- PROBLEM REQUIREMENTS
Copy out the data below from the line containing "Eine Frau steht" to the line containing "Saint Patricks Day", both lines included, with all images left out.

- SUPPLIED RECORDS

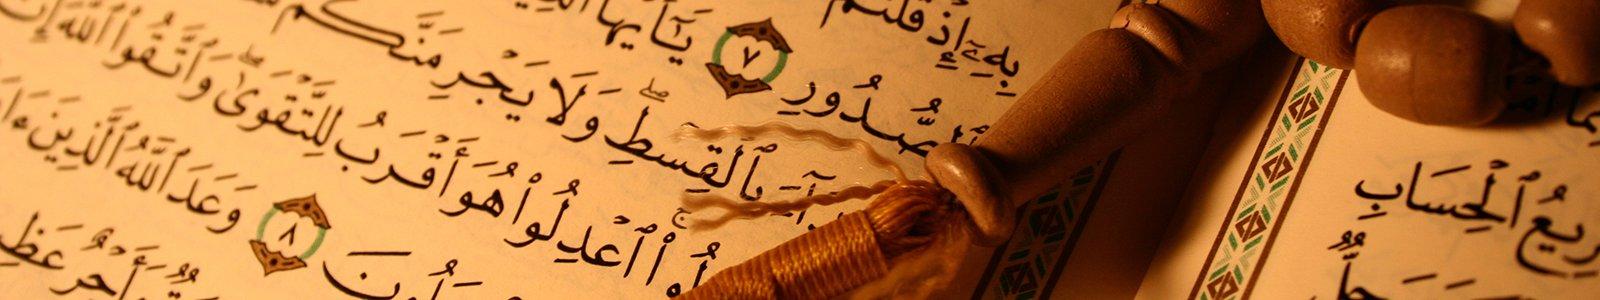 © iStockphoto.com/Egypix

* * *

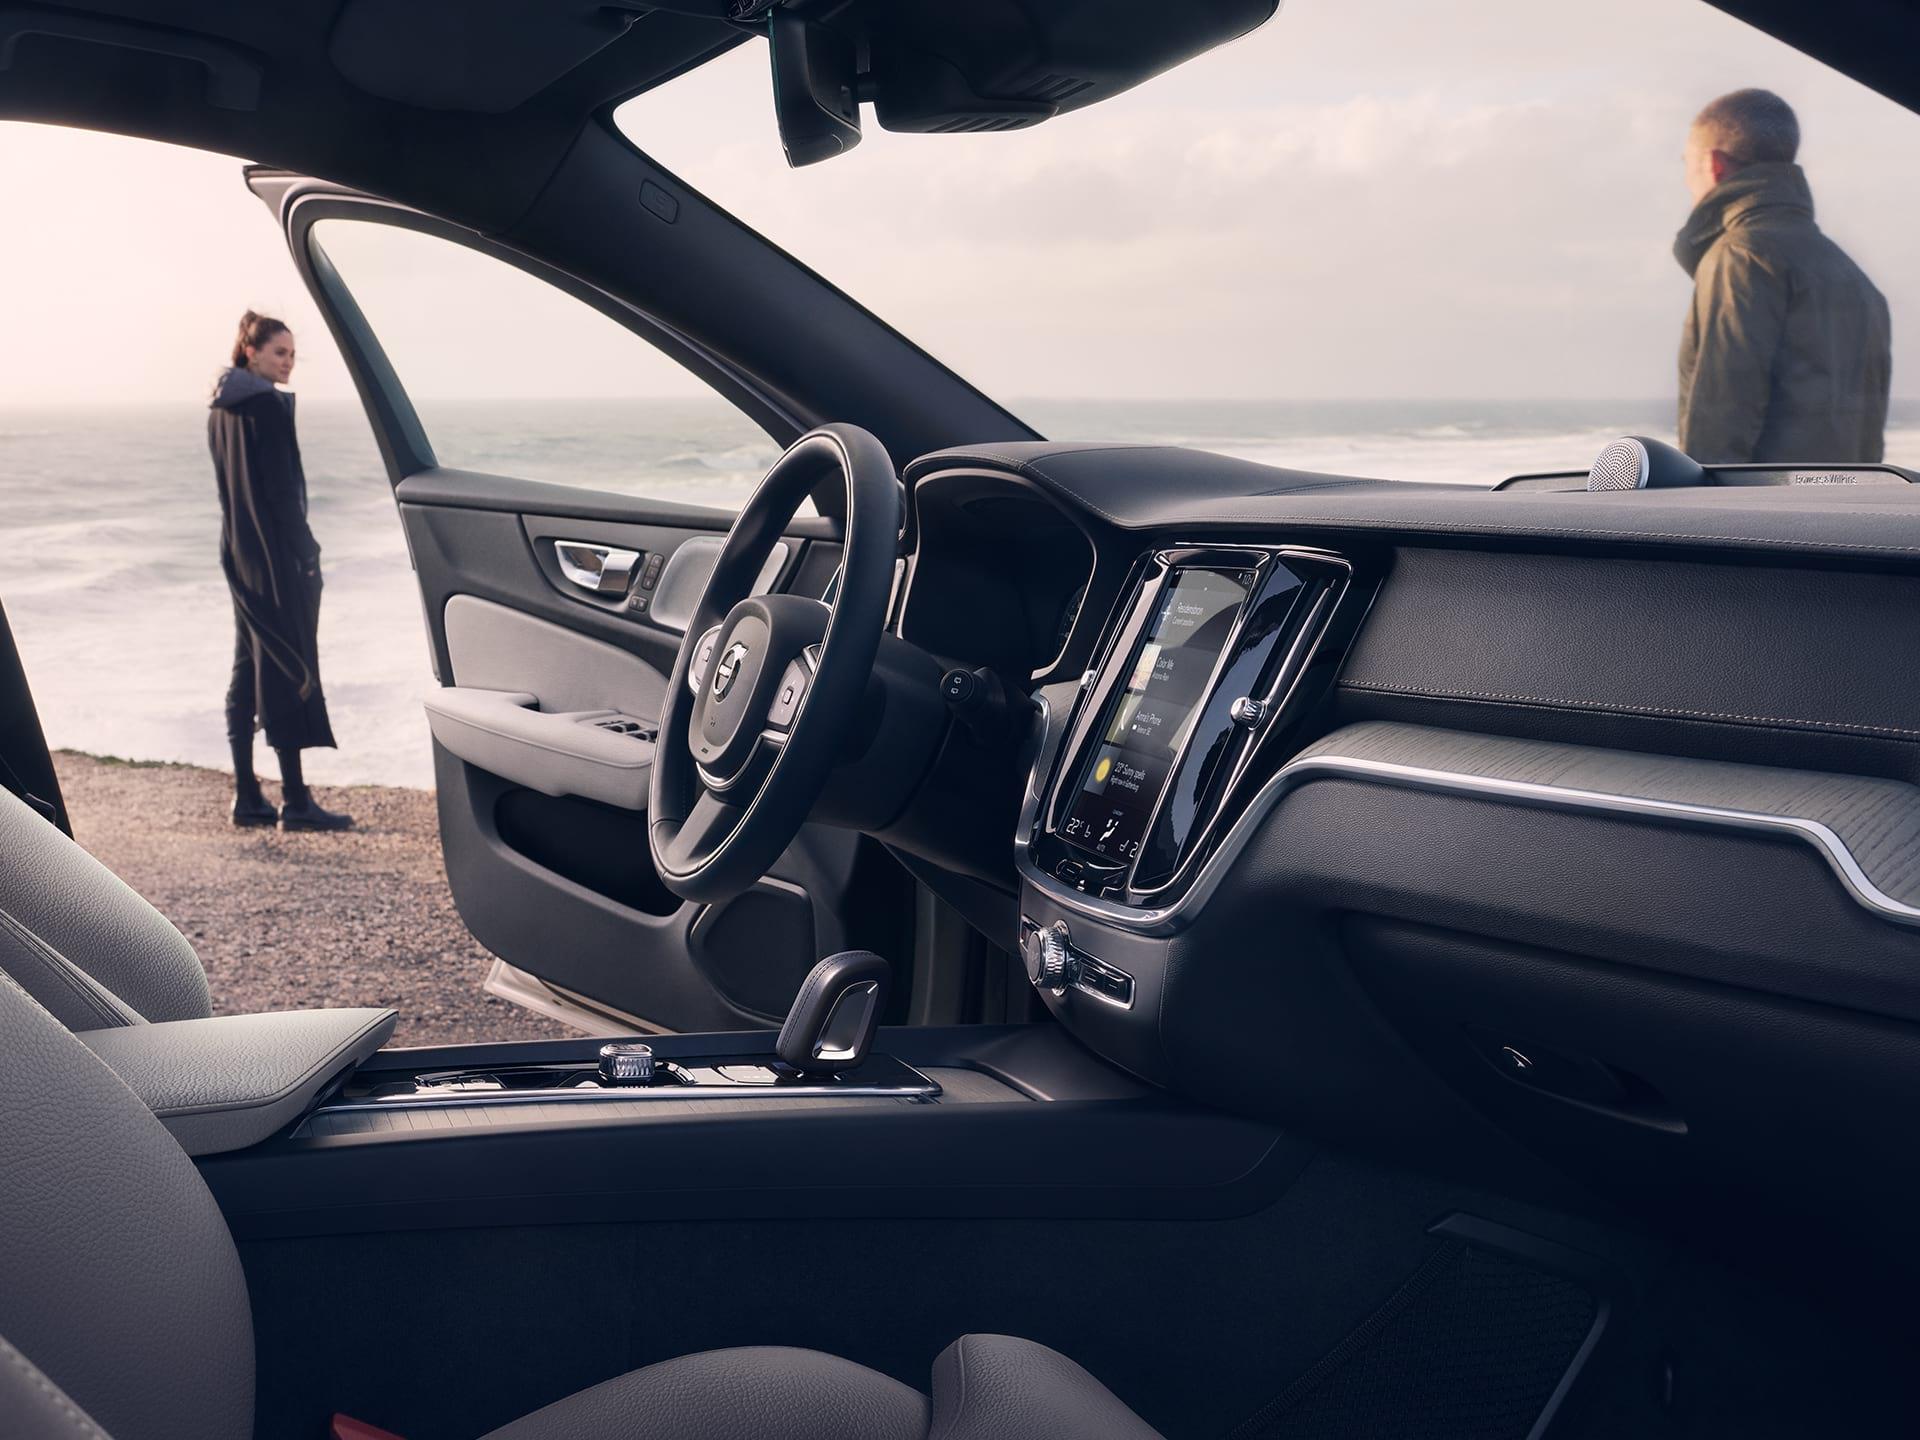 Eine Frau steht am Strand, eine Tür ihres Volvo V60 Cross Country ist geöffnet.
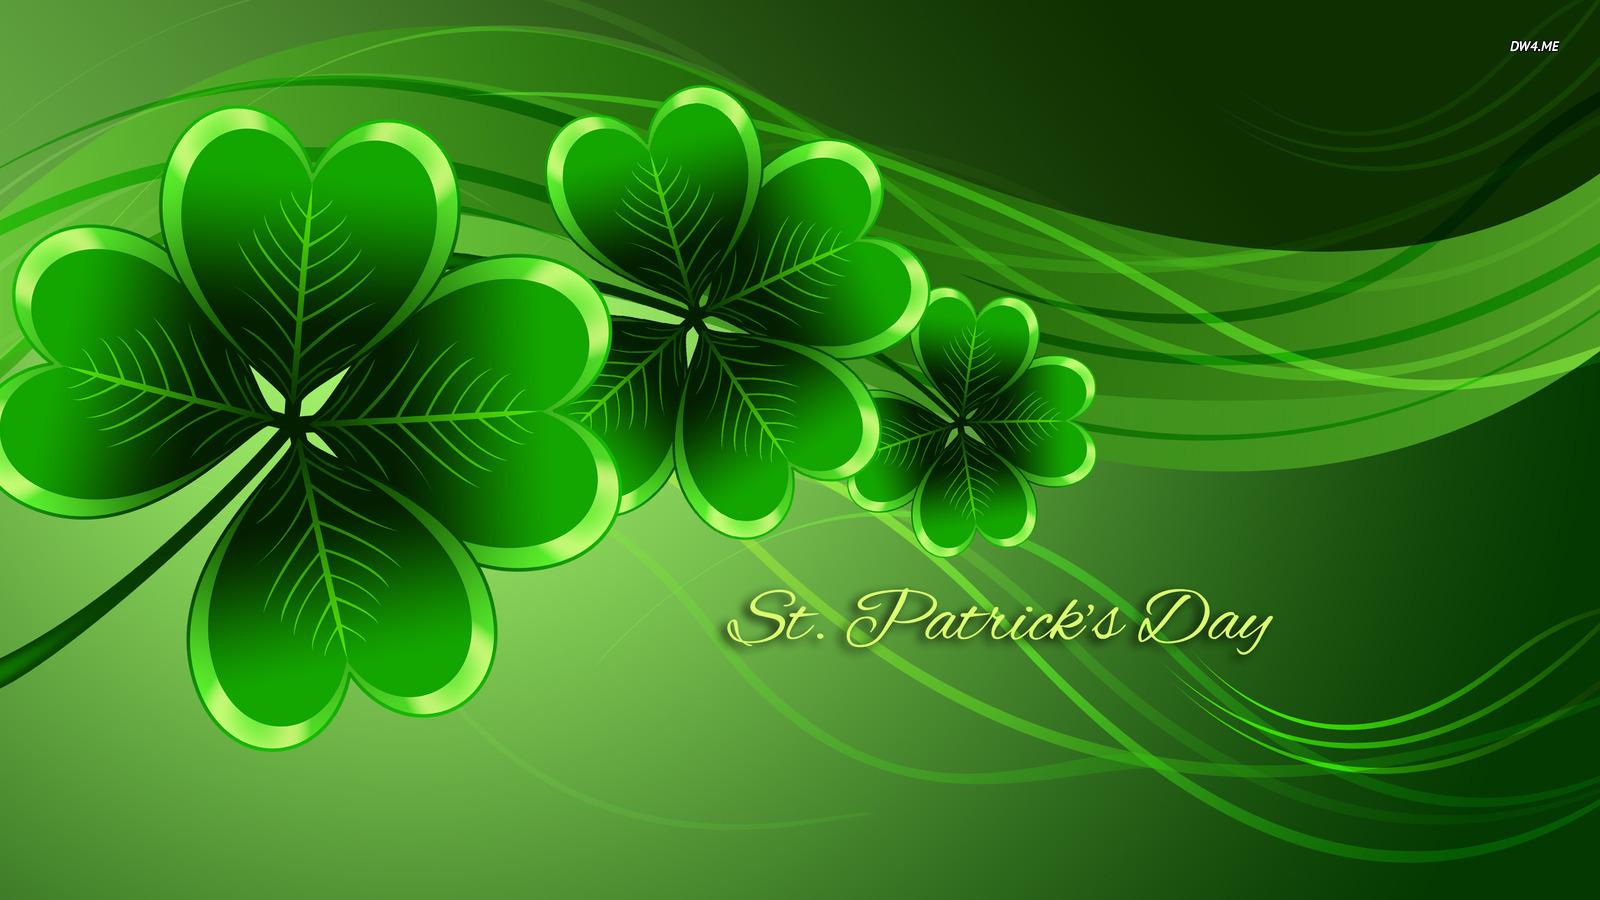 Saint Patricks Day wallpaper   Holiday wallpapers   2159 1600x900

--

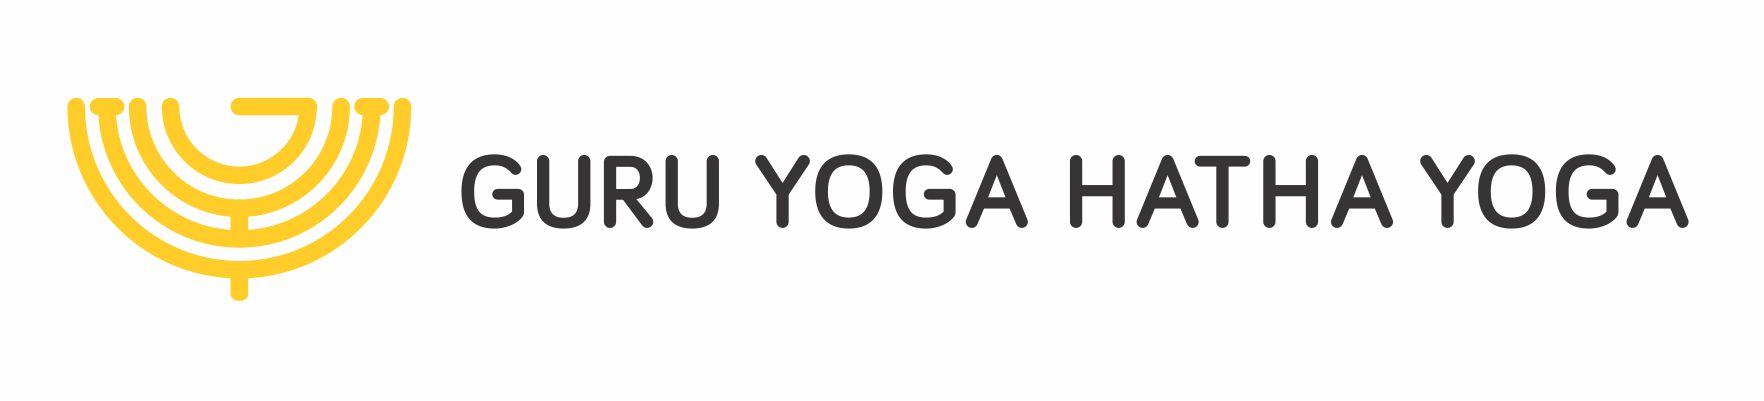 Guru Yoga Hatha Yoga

- EXERCISE RESULT
 Eine Frau steht am Strand, eine Tür ihres Volvo V60 Cross Country ist geöffnet.
 Saint Patricks Day wallpaper   Holiday wallpapers   2159 1600x900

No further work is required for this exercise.